“Come, come, auntie, this is not a day for hard feelings. This is still new to Mama. We must give her time.”
“She shouldn’t get too comfortable here, you know. Pretty soon they’ll come through and mark our homes ‘to be demolished.’ Then the bulldozers will arrive and we’ll all move away. I say, Let’s go before they kick us out like old dogs! We’ll go someplace modern. Get a dishwasher.”
“We won’t have to do that, auntie. They won’t demolish our hutong. Our paramount leader lived only a few blocks away. No one will destroy his neighborhood.”
“But Deng’s dead.”
“His home will become a pilgrimage site. The government will want to keep everything just as it was during his lifetime.”
“Um,” the old woman said thoughtfully.
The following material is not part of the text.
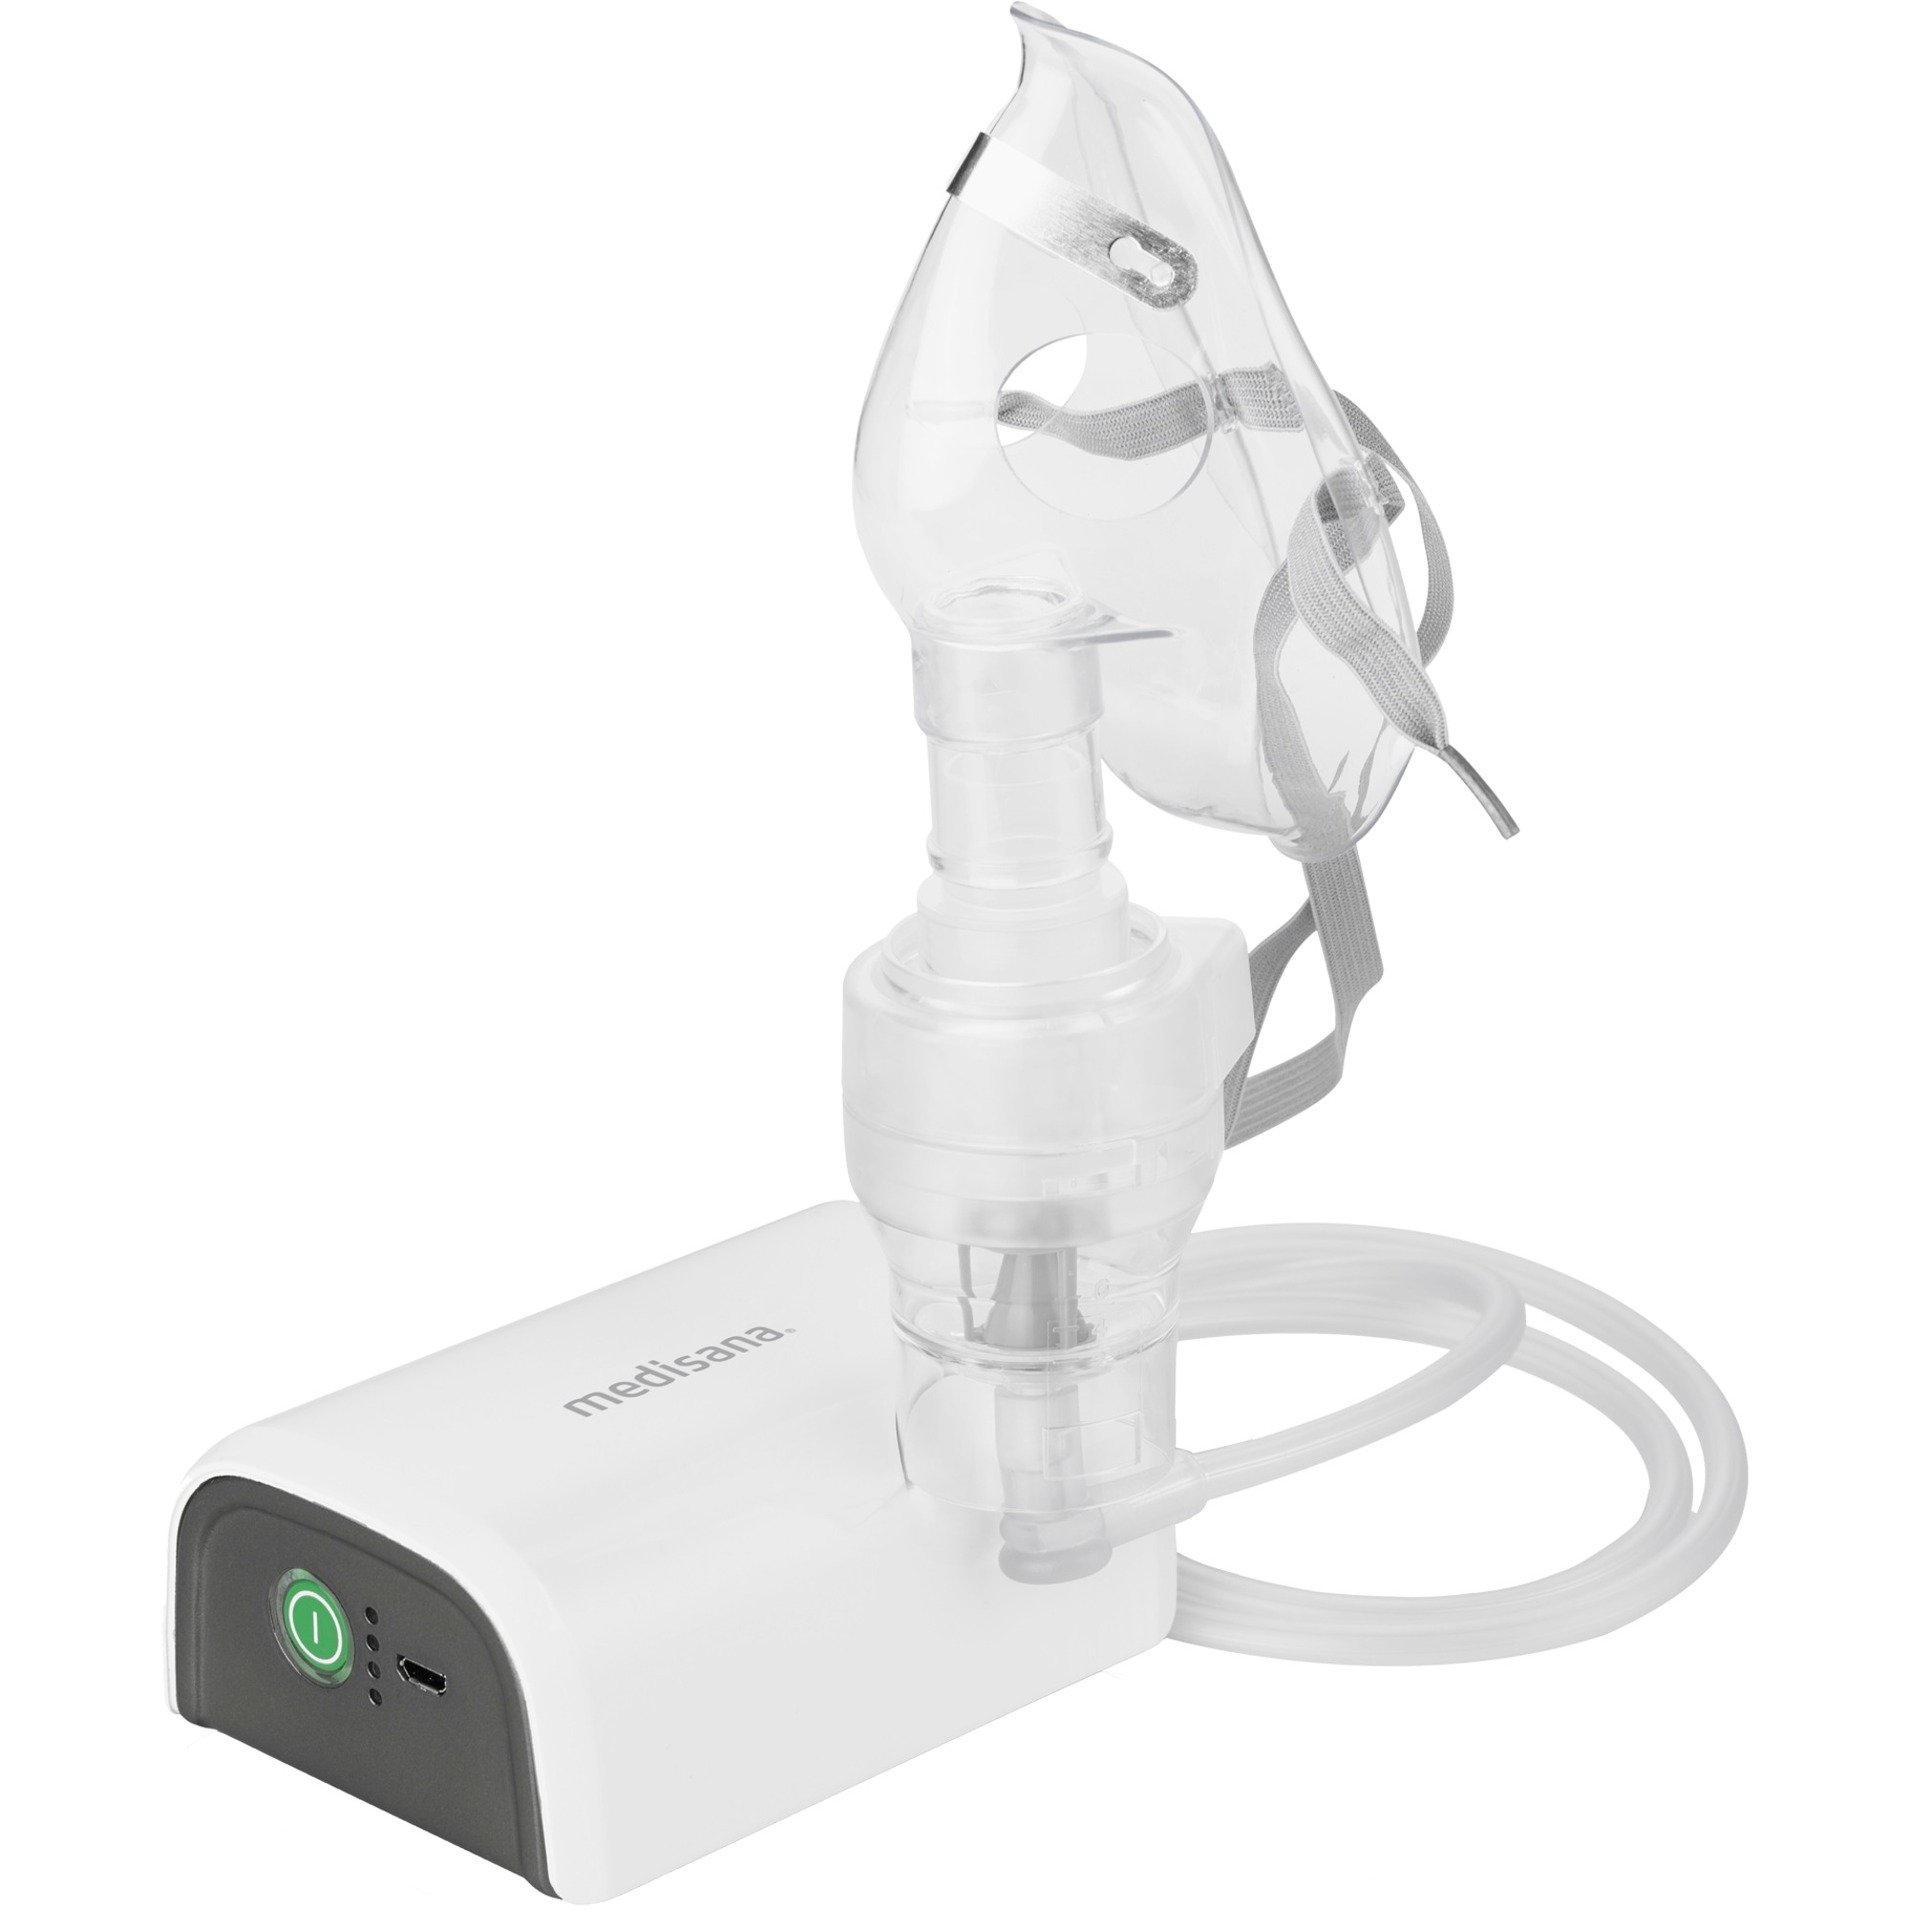 Image of Alternate - IN 600, Inhalator online einkaufen bei Alternate

Then she clapped her palms on her widespread knees to signal a change in subject. “No matter what happens I must continue my duties as Neighborhood Committee director.”
“Of course,” Hulan agreed.
“And as such I have come to visit you today.” She hesitated, hoping Hulan would confess of her own accord and save her from this accusation, but the young woman only sat there, her hands folded calmly in her lap, her eyes focused on her mother in the garden. Madame Zhang cleared her throat. “I have not seen you bring home female products in many weeks, nor have I seen their remains in your trash.” Hulan did not deny this. “You know our one-child policy,” the older woman continued. “You have not applied for a pregnancy permit. You also know how our government feels about children outside of marriage…”
Without shifting her gaze from her mother and Uncle Zai as they sat under the jujube, their heads together as they recalled some happy memory, Liu Hulan reached out and patted the old woman’s hand. “You worry too much,” Hulan said. “It is almost spring and the harshness of winter is over. It is time for us all to begin new lives in China.”